Pour Trần Hồng, dans une certaine mesure, toutes les mères sur cette terre en forme de S qu’est le Vietnam sont des héroïnes:

En 1968, j’habitais un quartier d’habitations collectives au numéro 8 rue Ly Nam De, à Hanoï. Tous les après-midis, je voyais une vieille dame promener son petit-fils. Ils semblaient être unis par un sentiment étrange. Un jour, je suis rentré dans mon village natal pour voir ma mère. A 92 ans, elle me considérait toujours comme un petit enfant. Elle tenait absolument à me laver les cheveux et le dos. J’ai regardé dans ses yeux, ils brillaient de joie. Ça me faisait penser à mes compagnons d’armes. La joie de ma mère, elle était si simple et pourtant impossible pour des millions et des millions d’autres mères dont les enfants étaient partis au front sans jamais revenir. Voilà, ce sont donc le regard de ma mère et l’image de la vieille dame du numéro 8 rue Ly Nam De qui m’ont donné cette passion pour les mères vietnamiennes. Je veux découvrir l’origine de leur force latente.

En 1995, Trần Hồng a rendu hommage aux mères de soldats morts pour la Patrie à travers son exposition “Portrait de mères”.

Un journaliste américain, qui a vu l’exposition, a dit qu’il avait trouvé dans le portrait de ces mères l’origine ultime de la force des communistes, et qu’il avait finalement compris pourquoi les communistes avaient gagné la guerre. Il a raison. N’importe quel enfant, dans tout ce qu’il fait, de sucroît quand il est au front, pris entre la vie et la mort, pense à sa mère et veut faire de son mieux pour lui montrer le résultat. C’est sa mère qui lui donne la force de réussir.

Des portraits de mères, Trần Hồng n’en possède pas moins de 2.000! Chaque photo est une histoire chargée d’émotions. Trần Hồng n’est pas près d’oublier ces histoires, et notamment ce souvenir avec la mère Nguyễn Thị Khánh, dans la province méridionale de Kien Giang:

Je suis venu photographier mère Khanh au hameau de Tám Ngàn, dans la commune de Bình Sơn, dans le district de Hòn Đất, province de Kien Giang.

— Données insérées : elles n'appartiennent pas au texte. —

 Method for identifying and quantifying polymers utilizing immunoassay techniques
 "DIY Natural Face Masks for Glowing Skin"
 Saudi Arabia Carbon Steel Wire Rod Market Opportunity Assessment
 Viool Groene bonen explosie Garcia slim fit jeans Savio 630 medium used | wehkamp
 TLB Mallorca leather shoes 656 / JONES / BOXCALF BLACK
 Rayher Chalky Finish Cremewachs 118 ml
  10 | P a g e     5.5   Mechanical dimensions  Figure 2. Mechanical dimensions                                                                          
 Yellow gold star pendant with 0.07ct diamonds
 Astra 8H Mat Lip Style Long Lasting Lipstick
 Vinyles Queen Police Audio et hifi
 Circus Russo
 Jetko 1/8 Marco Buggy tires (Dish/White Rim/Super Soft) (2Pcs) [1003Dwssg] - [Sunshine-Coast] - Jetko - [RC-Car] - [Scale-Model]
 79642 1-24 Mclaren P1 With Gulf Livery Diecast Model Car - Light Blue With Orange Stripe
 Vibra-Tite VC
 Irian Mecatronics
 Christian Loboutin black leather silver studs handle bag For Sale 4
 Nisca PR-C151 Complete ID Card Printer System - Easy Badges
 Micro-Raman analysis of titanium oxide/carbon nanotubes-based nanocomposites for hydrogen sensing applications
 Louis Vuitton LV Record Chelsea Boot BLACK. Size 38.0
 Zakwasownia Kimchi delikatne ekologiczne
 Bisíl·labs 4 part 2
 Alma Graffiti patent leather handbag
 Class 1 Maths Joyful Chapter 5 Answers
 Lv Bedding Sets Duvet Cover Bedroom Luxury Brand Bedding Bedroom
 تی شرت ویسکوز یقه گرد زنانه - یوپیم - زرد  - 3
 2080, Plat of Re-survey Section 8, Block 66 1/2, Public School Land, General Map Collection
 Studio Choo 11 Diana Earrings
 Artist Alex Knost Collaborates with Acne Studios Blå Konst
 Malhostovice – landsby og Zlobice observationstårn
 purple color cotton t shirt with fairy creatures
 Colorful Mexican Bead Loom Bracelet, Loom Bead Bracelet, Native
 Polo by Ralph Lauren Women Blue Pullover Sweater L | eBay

Elle avait 7 enfants qui sont tous partis au front sans jamais revenir. Lorsque je suis venu la voir, le corps d’armée numéro 4 venait de lui faire construire une très belle maison. Je n’oublierai jamais cette image qui m’a frappé au premier abord: plus la maison était vaste, plus la mère était seule. Elle se blotissait dans un coin, à côté d’une marmite de riz, d’un chat, d’un morceau de poisson rôti et de quelques brins de légumes. En me voyant approcher dans mon uniforme militaire, elle s’est précipitée sur moi qu’elle prenait pour un de ses enfants. Nous sommes alors, tous deux, fondus en larmes. J’ai été absolument incapable de la prendre en photo. Ce n’est qu’à la 4ème visite que j’ai pu enfin la photographier. Et c’est décidément l’une de mes photos préférées.

Trần Hồng a aussi immortalisé mère Thứ, dont la vie légendaire lui a valu d’être le modèle d’un monument national en hommage à toutes les mères vietnamiennes héroïques. Les résistances anti-française et anti-américaine lui ont arraché son mari, 9 de ses enfants, un de ses beaux fils et 2 de ses petits-enfants qui sont tous tombés au champ d’honneur. Le cliché de Trần Hồng sur mère Thứ, intitulé “l’Attente”, a fait vibrer le coeur de tous ceux qui l’ont vu. Le cliché montre mère Thứ, seule, à côté d’un plateau où étaient installés 9 bols et leurs baguettes. Au moment où il appuyait sur le déclencheur de son appareil-photo, elle était assise, le visage fermé mais laissant toujours apparaître quelques dernières étincelles d’espoir:

Ce jour-là, avec l’écrivain Lê Văn Dũng, je suis allé la voir et l’ai vue dans cette position assise. Mère Thứ nous a dit qu’elle attendrait toujours. Parmi mes 9 enfants, il doit y en avoir au moins
un qui me reviendra, nous a-t-elle assuré. Elle est morte à l’âge de 107 ans.

Les photos des mères prises par Trần Hồng ont été rassemblées dans un portfolio intitulé “Portrait de la mère” publié en 1997 par la maison d’édition de l’Armée. L’année suivante, ce recueil a obtenu le prix d’excellence décerné par l’Association des photographes vietnamiens. Pour Trần Hồng, rien n’égale le bonheur de partir à la campagne pour photographier ces mères qui l’accueillent avec tout leur amour, le considérant comme leur propre fils, l’enfant d’une mère vietnamienne héroïque./.